Kulenin daha sonra yeniden inşa edildiği göz nünde bulundurulduğunda, daha önceki zamana ait malzemelerin gereksiz olduğu düşünülerek, temizlemek amacı ile duvar hattının geçtiği uçurumun içine atılmış olma olasılığı yüksektir.

Dmitriy Sçastnıy, “39 numaralı kulede daha erken döneme ait malzemelerin eksikliğinin olası nedenlerinden biri, kullanımının ve boş kalma süresinin birkaç aşaması olabilir. Eğer boş kaldığı süreyi kulenin kısmen ya da tamamen yıkılmasıyla, kullanımını da restorasyon ile ilişkilendirirsek, bu durumda yapı malzemesinde, yapının içindeki enkazdan yeniden yararlanılması da beklenir. Ve bu da, erken kültürel katmanın yok edilmesini getirir. Bu varsayımın onaylanması veya reddedilmesi, sadece Büyük Abhaz duvarının tüm bölümlerinde arkeolojik kazıların yapılmasıyla gerçekleşebilir”, diye açıklıyor.

“Büyük Abhaz Duvarının Sırları” projesi kapsamında planlanan kazılar tamamlandı ve geriye bulunan malzemelerin incelenmesi çalışmaları kaldı.

COVID-19 salgını nedeniyle, arkeologların Büyük Abhaz duvarını kim, ne zaman ve neden inşa etti - sorularını cevaplamak için koydukları son tarihi- Haziran'dan Ağustos'a ertelediler.

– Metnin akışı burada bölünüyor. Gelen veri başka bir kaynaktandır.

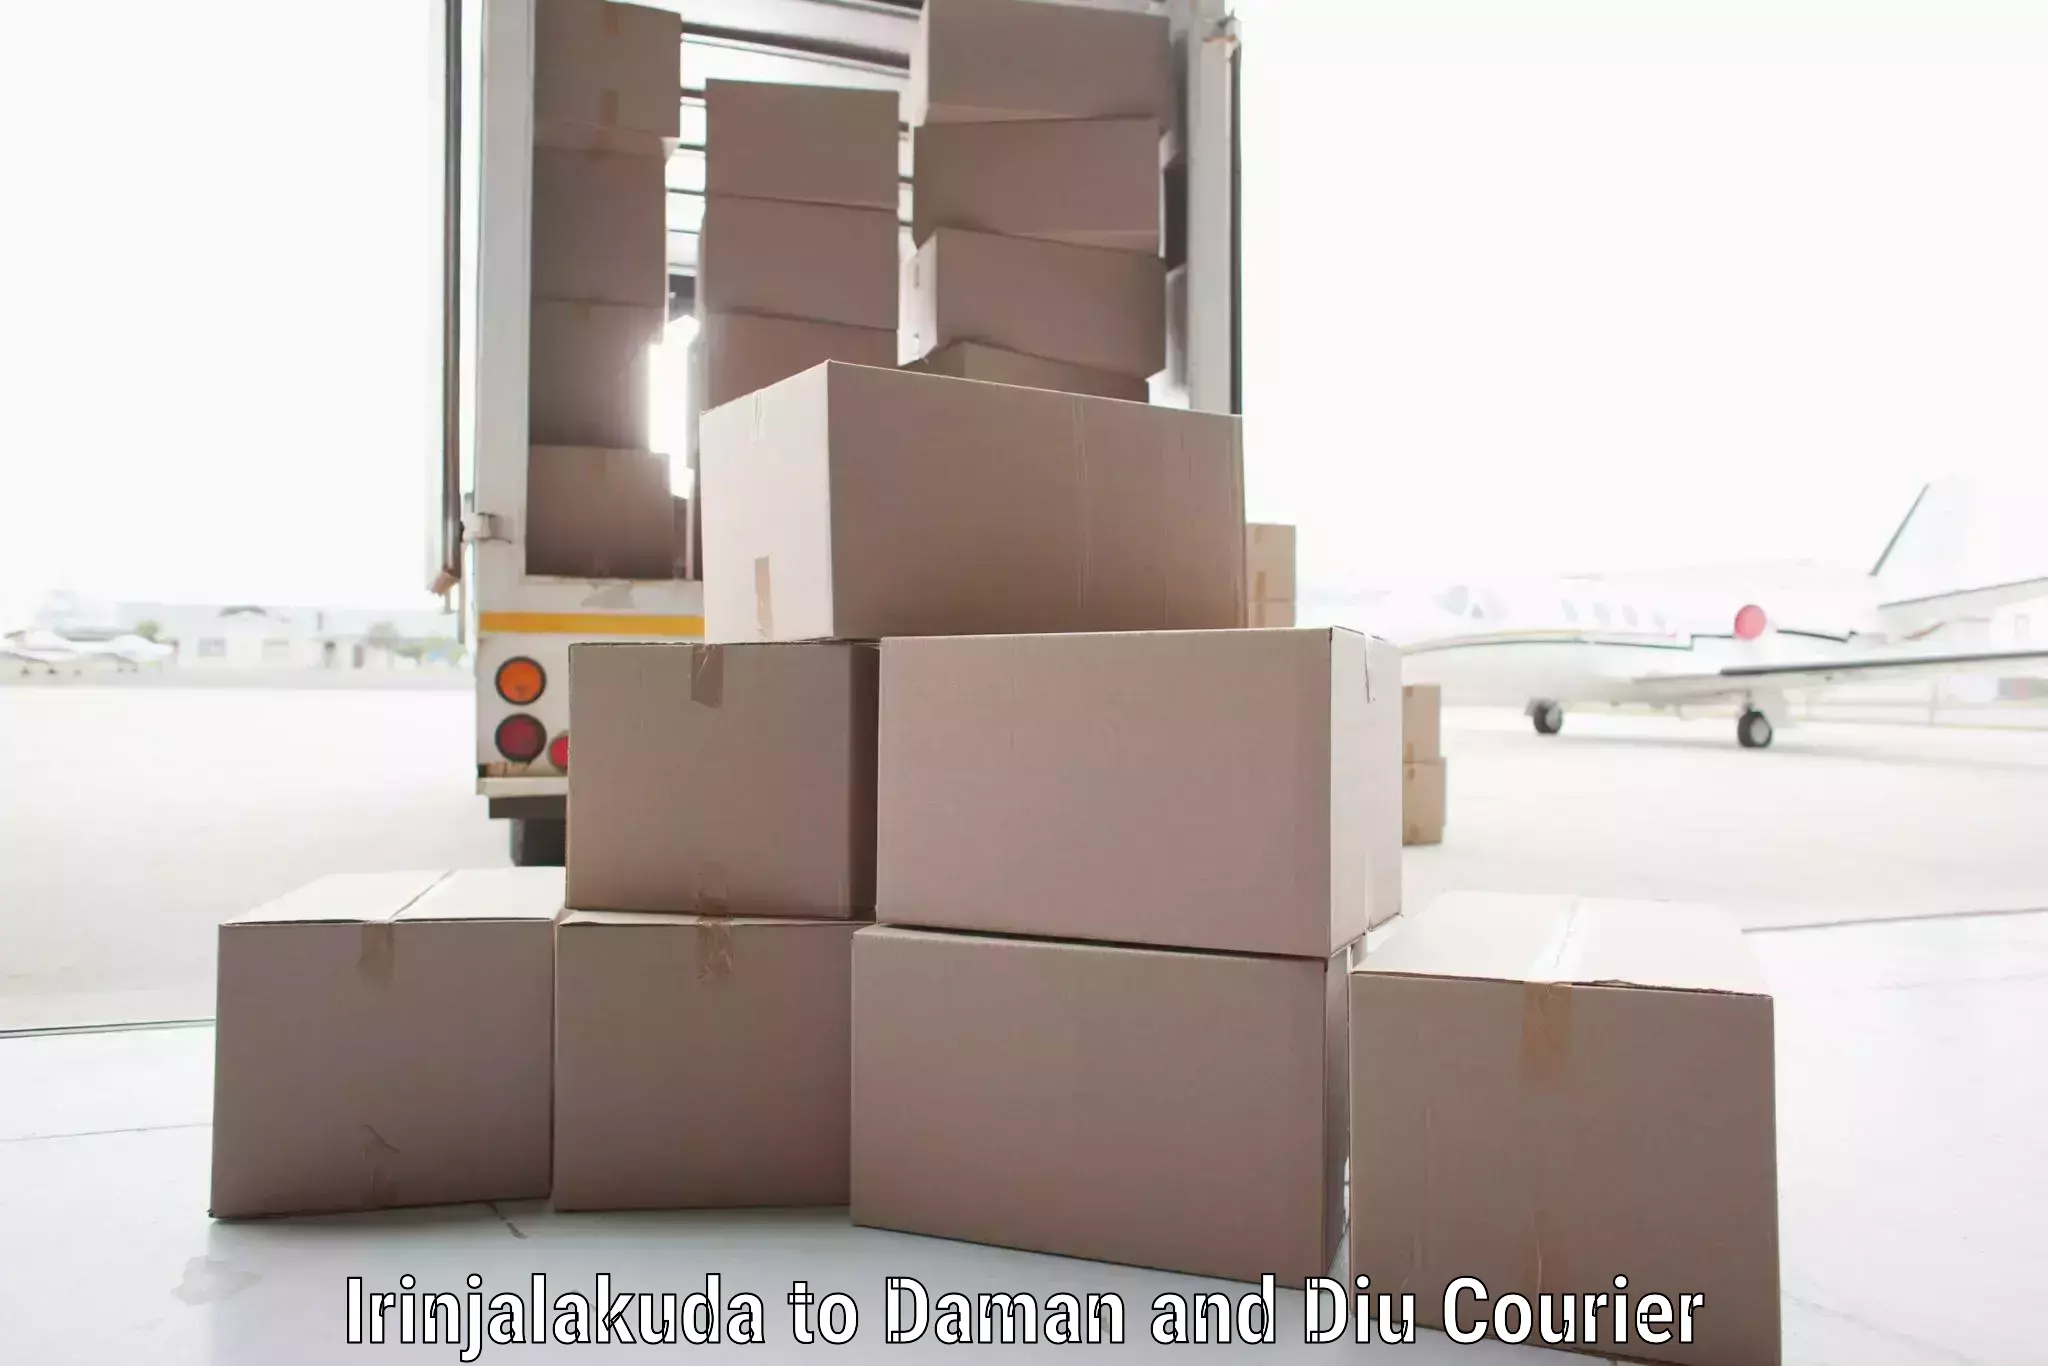 State-of-the-art courier technology Irinjalakuda to Diu

Son olarak Şandor Kaitan, “Proje devam ediyor. Önümüzde elde edilen malzemelerin kameral işlemesi (şifreleme, açıklama ve sınıflandırma çalışmaları) var. Bu çalışmayı sonbaharın başlangıcında tamamlamayı umuyoruz, daha sonra sonuçlarımızı dile getireceğimiz ve Büyük Abhaz duvarının en ilginç eserlerini göstereceğimiz bir nihai basın konferansı düzenlenecek.

Çalışma “Amşra” Vakfı tarafından destekleniyor.